Глокен не из болтливых, но после нескольких дней отдыха уже не кажется больным, держится добродушно, порой даже весело, и прекрасно освоился с молодыми соседями по каюте, а они вполне дружелюбны и словно не замечают, что спина у него не такая прямая, как у них. Иногда все трое разговаривают по-немецки, немного сплетничают о том, что делается на корабле, и молодые спутники ни разу не дали Глокену почувствовать, что их житейский опыт не таков, как у него. Глокену спокойно и хорошо. Он крепко спит по ночам, а утром не отдергивает занавеску, пока совсем не оденется, по возможности прикрывает свое уродство, чтобы меньше резало людям глаза.
Сейчас за занавеской не замечалось ни малейшего движения. И Дэвид не пошевелился, но внутри у него все кипело: Дэнни разделся догола, налил воды в умывальник и начал обтираться. «А потом я должен тут мыть лицо!» — подумал Дэвид; с ужасом и отвращением он смотрел на чужое смуглое тело, поросшее редким курчавым волосом — волосы оставались на мыльной губке, прилипали вместе с пеной к краям раковины. Если он еще раз такое устроит, я его выпихну в иллюминатор, негодовал про себя Дэвид. Но вслух ничего не сказал и понял, что никогда, наверно, и не скажет. Дождется, пока этот тип выйдет из каюты, и протрет умывальник чем-нибудь дезинфицирующим. Возмущенный, еле сдерживаясь, он сел на постели и ногами нащупал свои соломенные сандалии.
— Привет, — негромко сказал Дэнни. — Сейчас кончу, черт возьми. Тут как в тисках, не повернешься.
— Не спешите, я попробую попасть в душ, — ответил Дэвид.
Сам-то он всюду как в тисках — всюду, где надо обуваться на глазах у чужого человека или разговаривать с кем бы то ни было, кроме, пожалуй, Дженни, — пока не выпьет утренний стакан кофе.
Меж длинными занавесками появилась голова Глокена, тонкие спутанные волосы его стояли дыбом. Длинное лицо с тяжелым «габсбургским» подбородком — в сплошной сетке морщин.
— Доброе утро, — прохрипел он, впрочем, довольно бодро. — Будьте так добры, вы не дадите мне вон тот пузырек? — (Пузырек стоял возле Глокенова стакана.) — И немножко воды, если можно.
Дэвид подал ему воду и пузырек с лекарством, заметил на пузырьке надпись: «Каждые три часа или по мере надобности» — и подумал, что Глокена, быть может, никогда не отпускает боль.
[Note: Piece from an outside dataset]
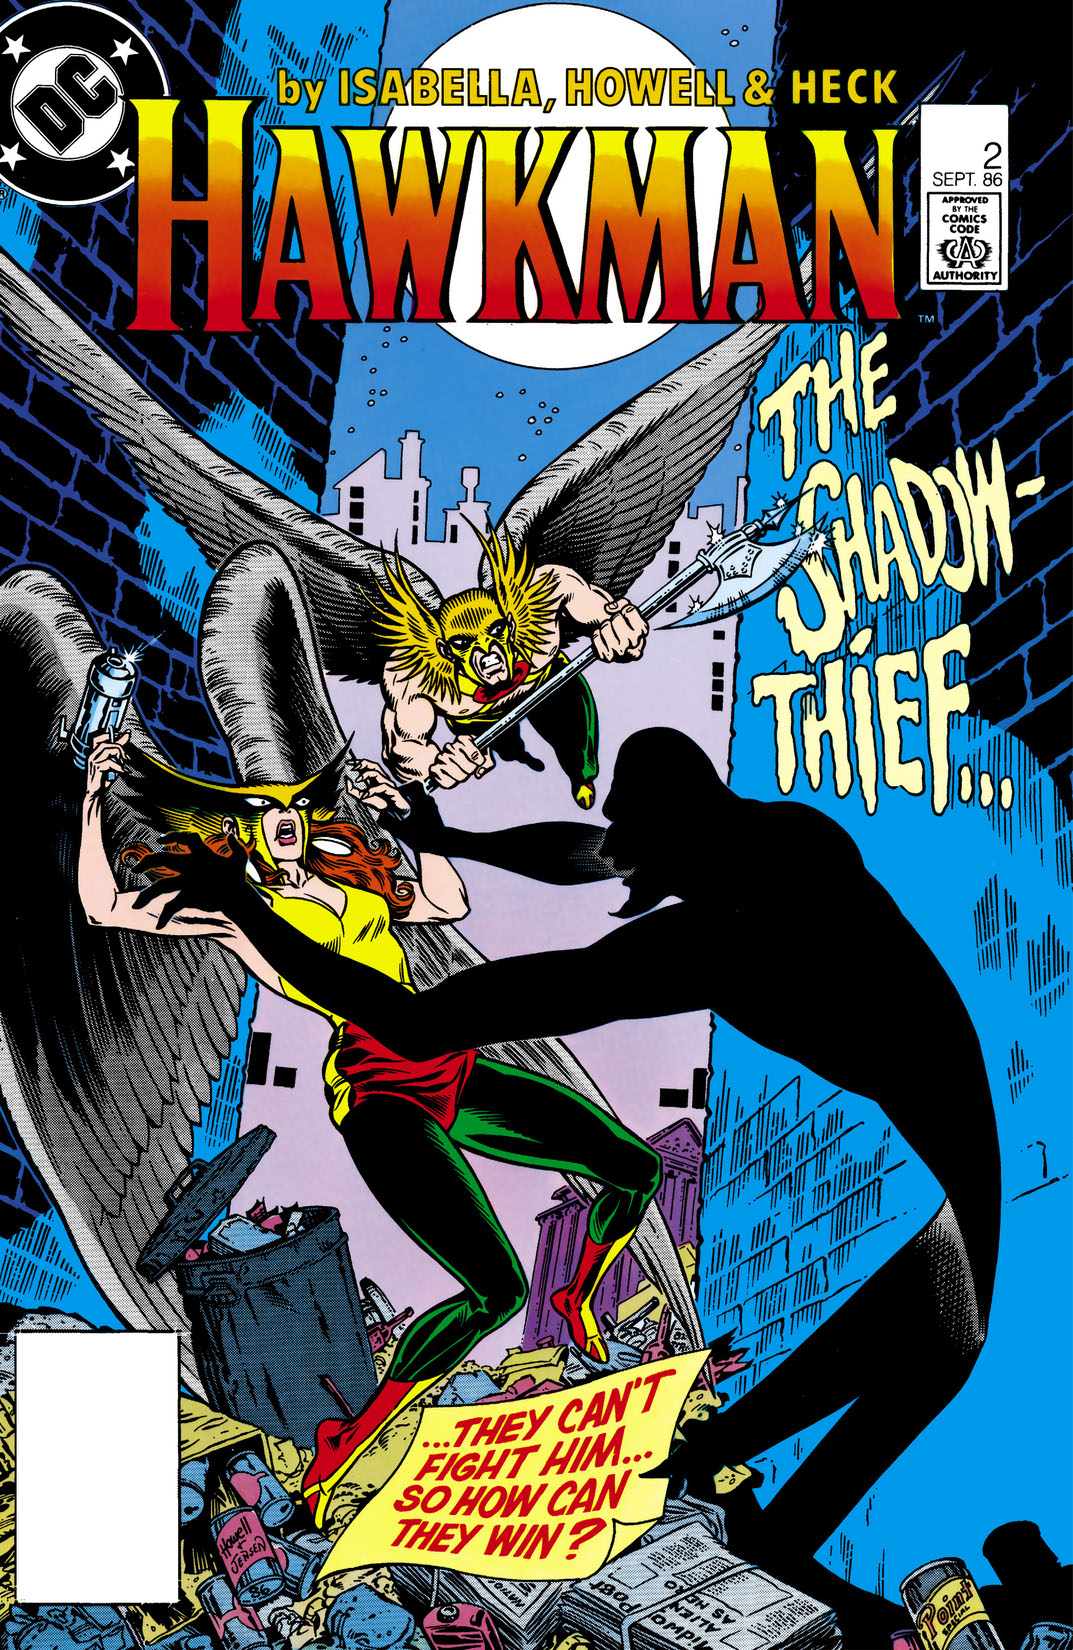 Hawkman (1986-) #2 preview images

Глокен потянулся за лекарством, нечаянно больше, чем надо, распахнул занавески — и Дэвид с несказанным изумлением увидал на нем ярко-красную шелковую пижаму. Слишком яркие краски всегда казались Дэвиду оскорбительными — и не только для глаз: он не доверял нравственным качествам любителей всего яркого и пестрого, и особенно в одежде. Сам он носил черные вязаные галстуки (покупал сразу полдюжину у уличных торговцев), бумажные черные носки, костюмы всегда серые — темные, светлые, в крапинку, голубовато-серые, а летом — целомудренно белые полотняные или парусиновые. Излюбленная его палитра всегда была — серые, коричневые, охристые тона, темно-синий и в изобилии — белый; а его излюбленная, хотя и не оригинальная теория гласила, что люди, которые «выставляют себя напоказ», одеваясь в яркие цвета, просто пытаются возместить внутреннюю свою бесцветность, вот и расцвечивают фасад, а фасадом никого не обманешь.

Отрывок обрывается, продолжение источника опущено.